It is important to keep in mind that random assignment and random sampling are not synonymous with one another. Random sampling is when researchers utilize a variety of probable sampling techniques (e.g., simple, systematic, stratified, or cluster) to recruit participants who approximate the general population. It also means that all members of a given population have an equal chance of being recruited to participate.

1.3.2.3 Matching

To further avoid the threat of selection bias, researchers may engage in the process of participant matching. This is especially helpful if a researcher cannot guarantee equivalent groups through randomization, or when sample size may be too small. Participants are matched on a variety of characteristics (e.g., cognitive or intelligence pre-test scores, gender, age, etc.), by placing members of similar characteristics in either an experimental/intervention condition or in the control condition. This helps a researcher establish some degree of equivalence between groups within a particular sample.

1.3.2.4 Blocking and Holding Variables Constant

Researchers may also choose to use some characteristic in the study’s sample (e.g., cognitive or intelligence scores, ethnicity or race) as an additional independent variable. This is referred to as blocking. Unlike matching, researchers may employ this strategy to see if a particular characteristic of the sample has an effect on the dependent variable. Alternatively, some researchers may choose to hold a particular characteristic constant or homogenize some sample characteristic so as to eliminate any undue influence from extraneous characteristics of a sample. For instance, a researcher may choose to only recruit high school aged adolescent boys between the ages of 14 and 15 who score above a certain threshold on an anxiety and depression measure to participate in a short-term emotional regulation treatment study.

1.4 External Validity

Many researchers invest time and resources with the hopes of expanding their research findings to larger communities and contexts, especially if the research is aimed at alleviating any suffering or influence larger systemic change efforts. Thus, researchers are not only concerned with internal validity, but also the external validity of their study. External validity is the degree towhich research findings can be generalized to the population that approximate the original context of the study (Campbell & Stanley, 1963; Cook & Campbell, 1979; Shadish et al., 2002).

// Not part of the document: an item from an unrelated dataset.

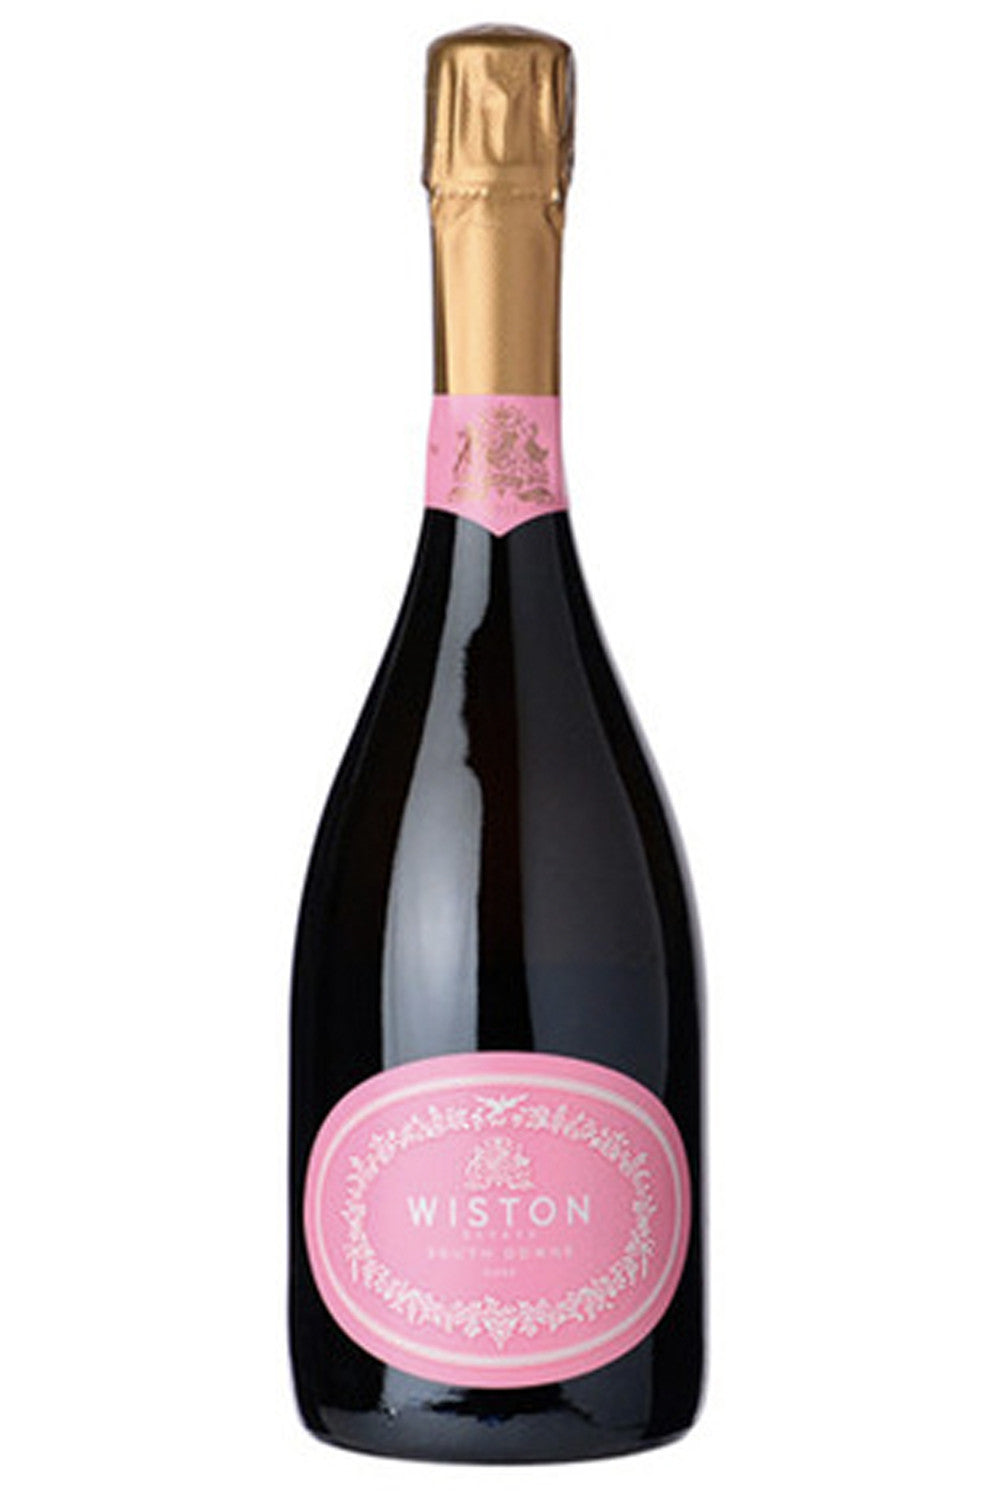 Wiston Estate Rosé 2014 - Hawkins Bros. Fine English Wines

External validity is also concerned with the degree in which a study can be generalized across broader populations, treatments, settings, and conditions (Ferguson, 2004). Researchers wish to move beyond the controlled setting in which the study originally took place, and further consider ways that the findings may apply in other diverse applicational settings, time, persons, or slightly different variables or targets (Kenny, 2019; Shadish et al., 2002). For instance, a researcher who evaluated the effectiveness of a minority stress reduction intervention for transgender and gender nonbinary individuals in a controlled laboratory setting at a university, might have interest in seeing the intervention applied or replicated with transgender and gender nonbinary individuals in community based clinics, private practices, college counseling centers, and other agencies across the United States. That same researcher may have further interest in having their research used to inform policy on affirming psychological care for transgender and gender nonbinary individuals for all mental health practitioners.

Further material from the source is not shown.